▸ Exercise data
================================

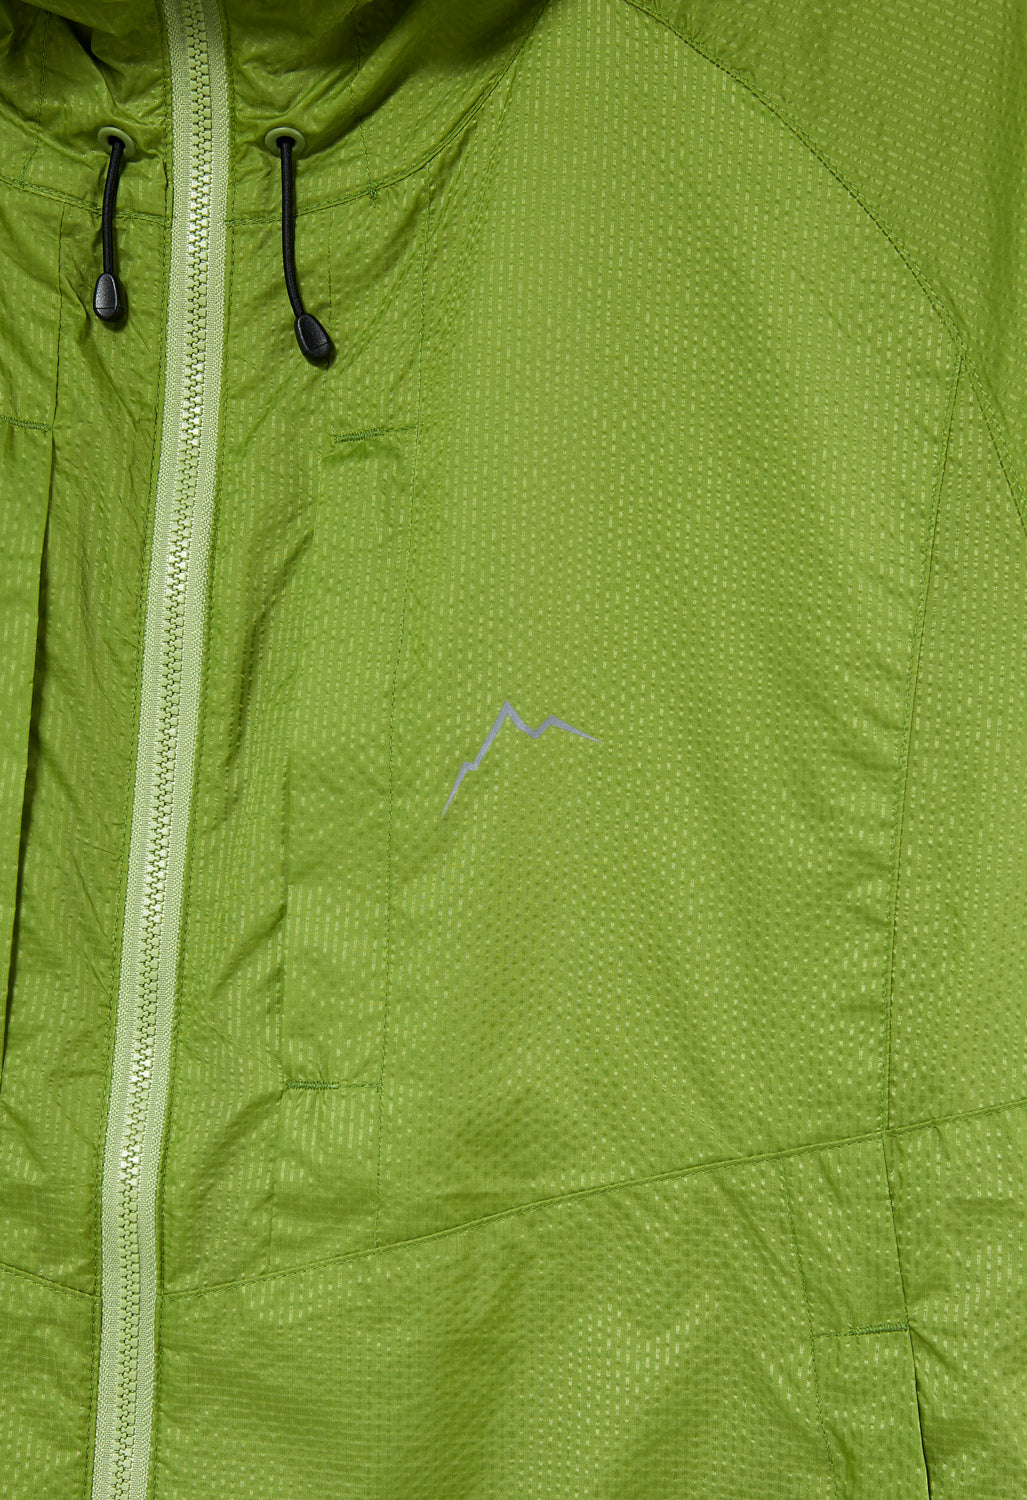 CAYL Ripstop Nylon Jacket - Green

================================

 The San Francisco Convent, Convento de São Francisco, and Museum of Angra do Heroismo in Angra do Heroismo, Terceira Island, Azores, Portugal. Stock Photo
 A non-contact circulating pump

================================

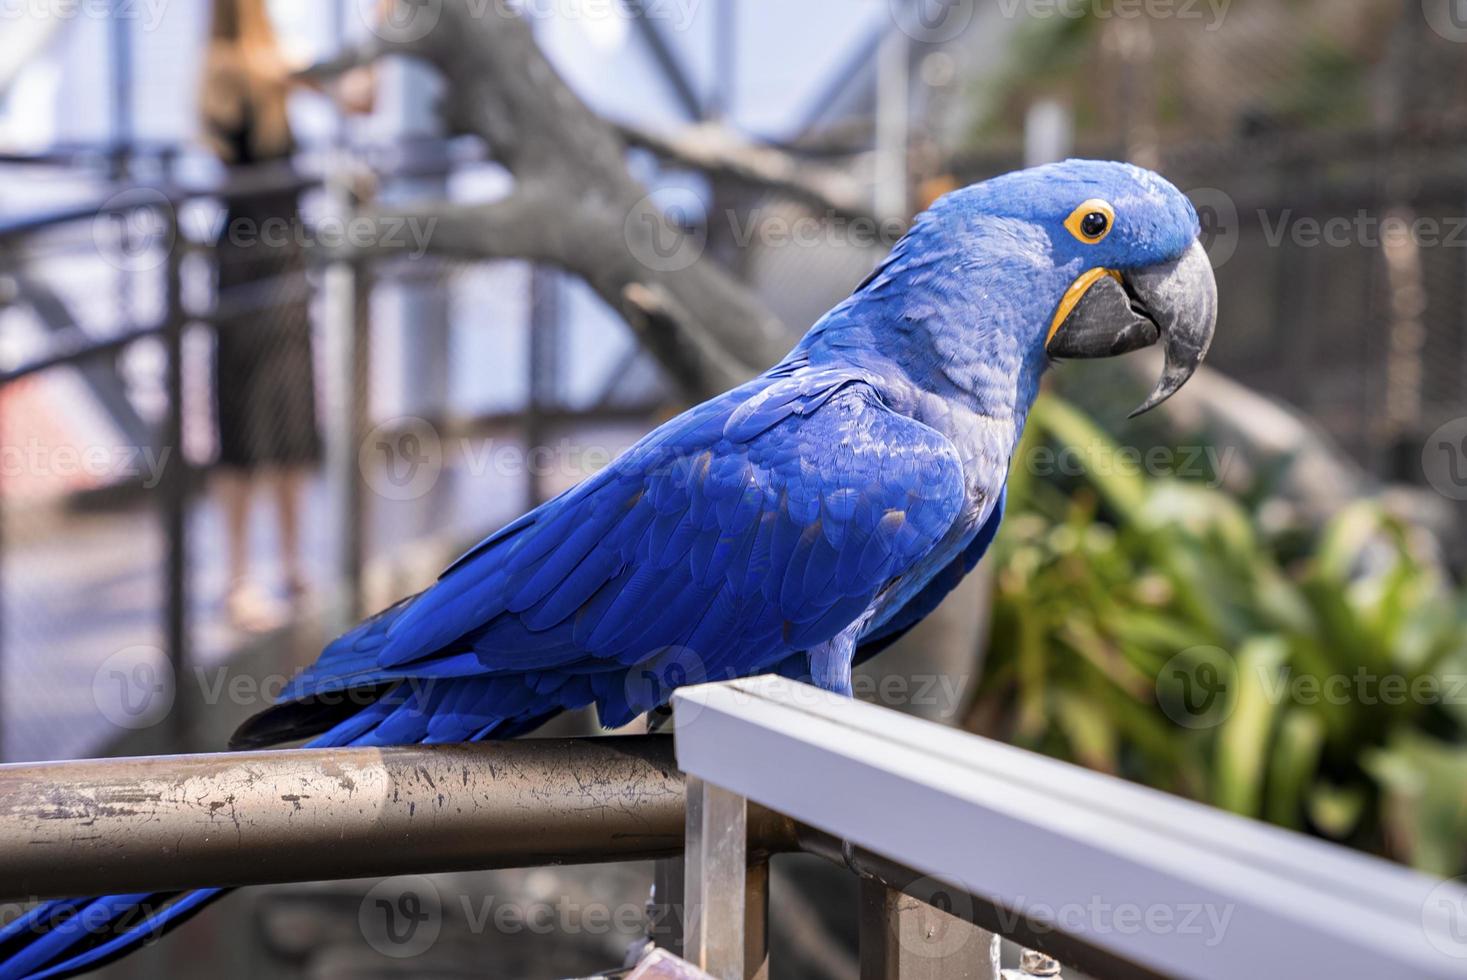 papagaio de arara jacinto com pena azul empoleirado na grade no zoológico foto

================================

Everything above from the line containing "The San Francisco" down to the line containing "A non-contact circulating pump" is to be transcribed exactly, with both of those lines included and nothing else added.

 The San Francisco Convent, Convento de São Francisco, and Museum of Angra do Heroismo in Angra do Heroismo, Terceira Island, Azores, Portugal. Stock Photo
 A non-contact circulating pump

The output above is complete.